Isso não nos interessa. 1997 vai ser o quarto ano em 50 em que teremos inflação abaixo de 10%. Isso só aconteceu em 47, 48 e 57. Estamos crescendo e vamos crescer mais em 97 e 98. E fazendo isso com menor injustiça social.
Quando falo isso, dizem que estou pintando um quadro cor de rosa. Pelo contrário, nunca disse que estamos nadando de braçada. Fico angustiado com a enormidade dos desafios que temos pela frente, que terão de ser resolvidos em muitos anos.
Folha - O sr. é favorável à reeleição, inclusive para o presidente Fernando Henrique Cardoso?

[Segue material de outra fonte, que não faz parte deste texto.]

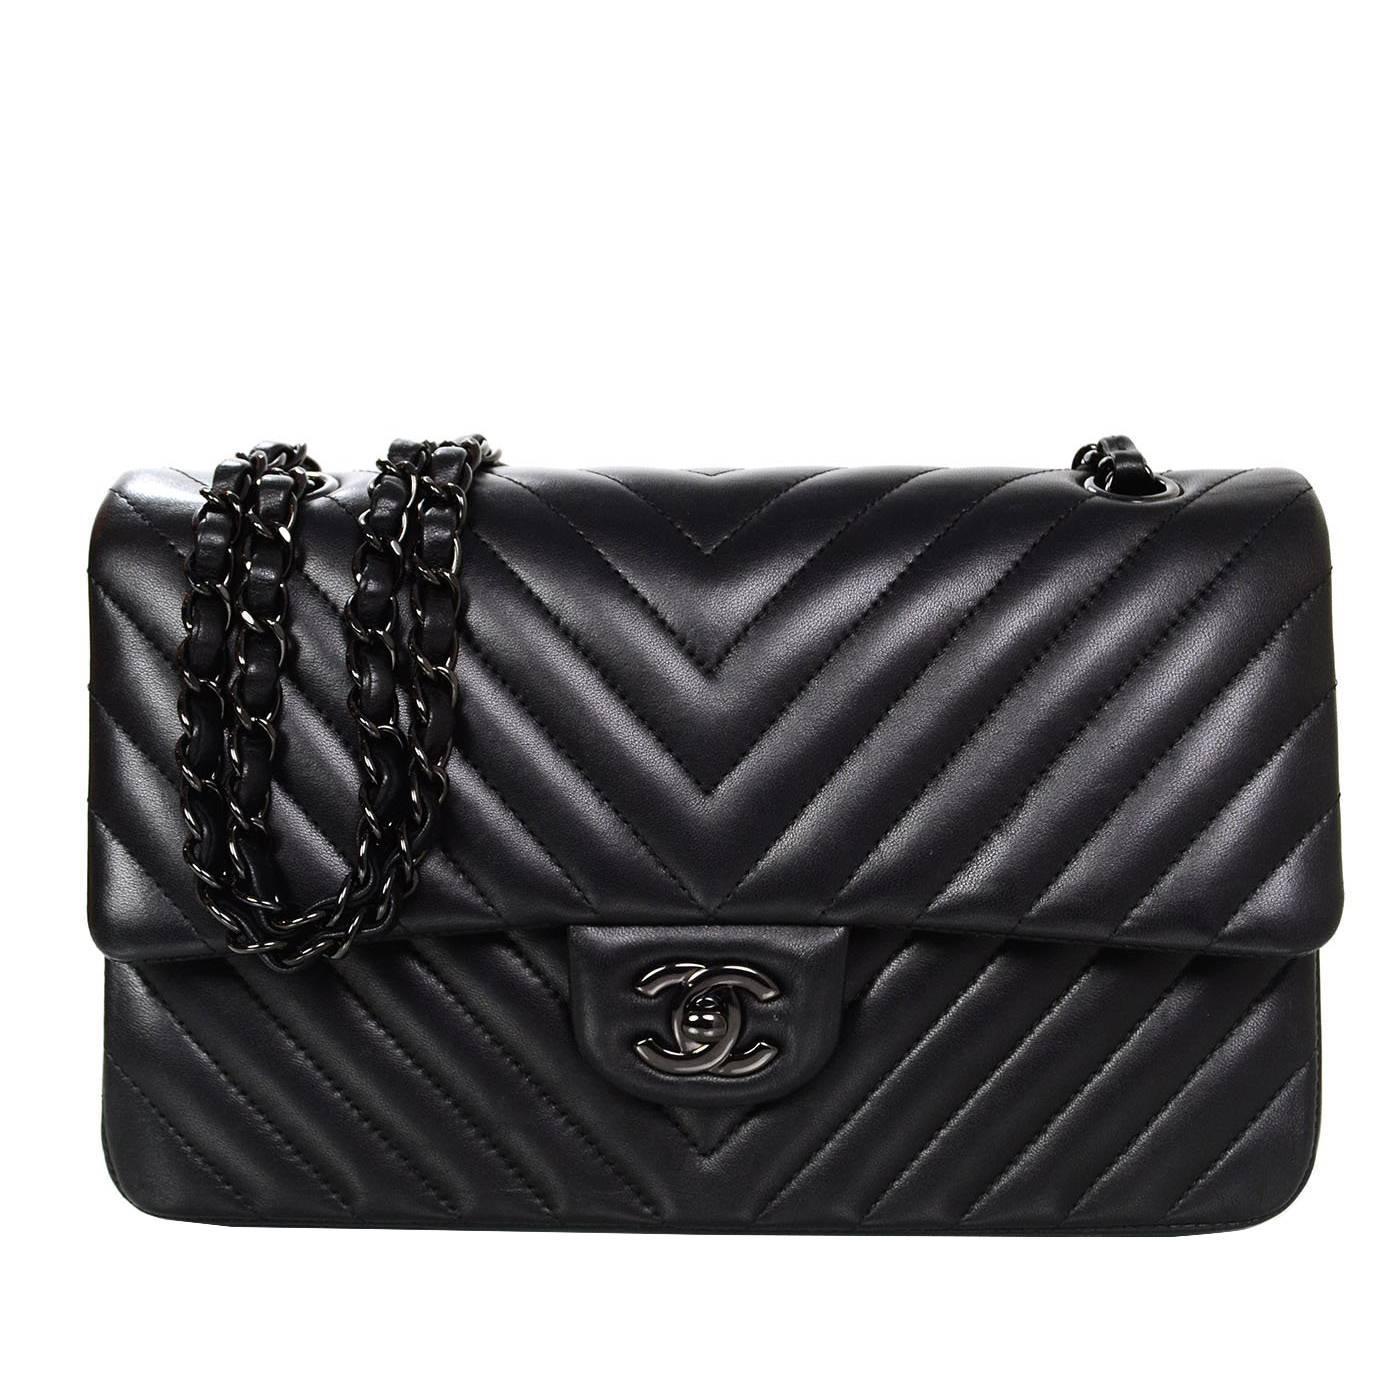 4195d2f7d5 Chanel Rare Chevron So Black 10 Double Flap Classic Bag At 1stdibs

Malan - Sou favorável à não exclusão. Que não seja proibido, mantido um mandato de quatro anos, que quem esteja no cargo dispute a reeleição.
Na Revisão Constitucional, com redução para quatro, havia o entendimento de que seria possível a reeleição, se assim o desejasse quem estivesse ocupando a Presidência.

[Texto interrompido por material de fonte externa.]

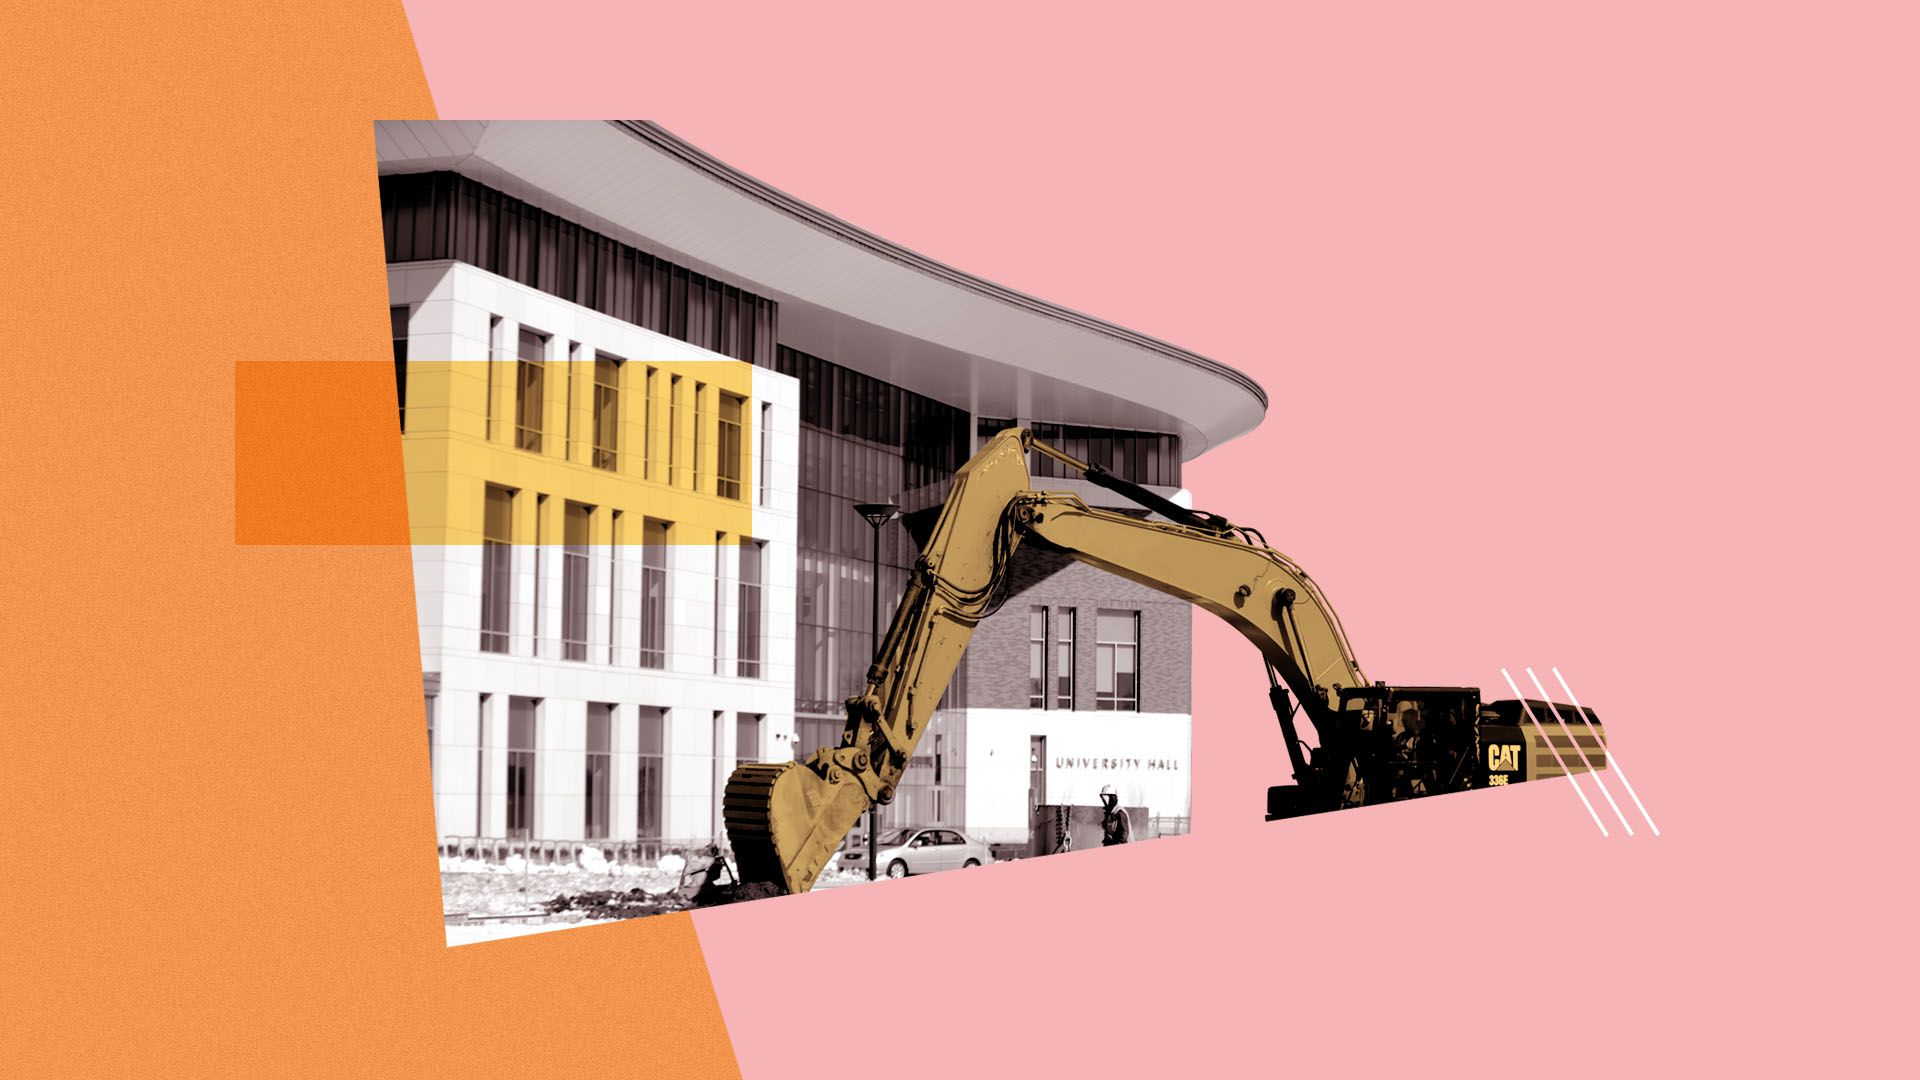 5. The overbuilt campus

Folha - Na Revisão Constitucional, lideranças expressivas do PSDB votaram contra a reeleição...
Malan - Eu sei. Deixando de lado esse pequeno jogo de como me situo ali e aqui, em termos do que serve aos interesses do país, não tenho dúvida de que a maioria é da opinião de se ter um mandato mais longo. Cinco anos acho que é o mínimo. Ou seis anos. Em alguns países o mandato é de sete. Ou se tem quatro, com a possibilidade de o presidente se submeter a um novo escrutínio popular.
Nos Estados Unidos, Jimmy Carter e George Bush não conseguiram seu segundo mandato. Não é prorrogação nem reeleição, como infelizmente é sugerido. É disputar a preferência popular como qualquer outro.
Folha - Mas por que tocar nesse assunto agora, no meio do governo?
Malan - Senão, vamos passar o resto do governo com uma campanha presidencial em livre curso.
Esse é o problema dos mandatos de quatro anos. Não é boa a situação de, com um ano e meio de governo, antes de completar a metade do mandato, uma sucessão presidencial já estar em pleno andamento. Isso não é bom. Não é desejável para estabilidade na área político-institucional, para não falar da área econômica. Agora, isso é uma decisão do Congresso. Quando ele decidir, que o faça.
Folha - E sobre mudança no cenário econômico para ajudar a aprovar a reeleição? Alguns aliados falam em "efeito Dornbusch", que seria um pouquinho de inflação para haver mais crescimento.
Malan - É absolutamente equivocada, de má-fe e ignorante a interpretação de que, para tentar assegurar o desiderato da não-exclusão (de FHC disputar a reeleição), o governo estaria disposto a colocar em risco o programa de estabilização.
Seria o mesmo que dar um tiro no seu próprio pé, derrubando o programa para tentar conseguir algo que pode ou não se materializar.
Folha - No momento em que o próprio governo desencadeou o tema reeleição, os investidores começaram a colocar o assunto na agenda. Qual o reflexo econômico disso?
Malan - É legítimo. Mercados, em qualquer lugar do mundo, não estão nunca olhando para o passado. Estão sempre olhando para frente. É óbvio que faz diferença, para quem está pensando em investir centenas de milhões de dólares no país, saber se o rumo apontado pela atual administração terá continuidade ou se haverá mudança significativa de rumo.
Folha - O ex-ministro argentino Domingo Cavallo diz que pode ser candidato em 1999. O Planalto avalia que o sr. é um dos ministros que melhor defendem o governo. O sr., que sempre enfatiza que é um técnico, vai entrar na política algum dia?
Malan - Outro dia um deputado me perguntou no Congresso. Vou dizer o que disse ele. Falta-me o engenho e a arte, a paixão, a vocação política. E, como se tudo isso não bastasse, os votos. Não sou nem filiado a nenhum partido.
Folha - No começo do Plano Real, José Serra fazia críticas ao programa. Hoje, candidato a prefeito de São Paulo, dá a impressão de ser um dos pais do Real. O que o sr. acha dessa mudança?
Malan - Não vejo mudança. O Serra teve participação importante na redação e discussão do Programa de Ação Imediata, feito logo depois de o Fernando Henrique Cardoso assumir o Ministério da Fazenda.
Quando Serra estava no ministério, tivemos sempre afinidade sobre as questões essenciais. Nunca o vi como um crítico do programa como um todo.
Meu título de eleitor não é de São Paulo. Se fosse, estaria votando nele para prefeito.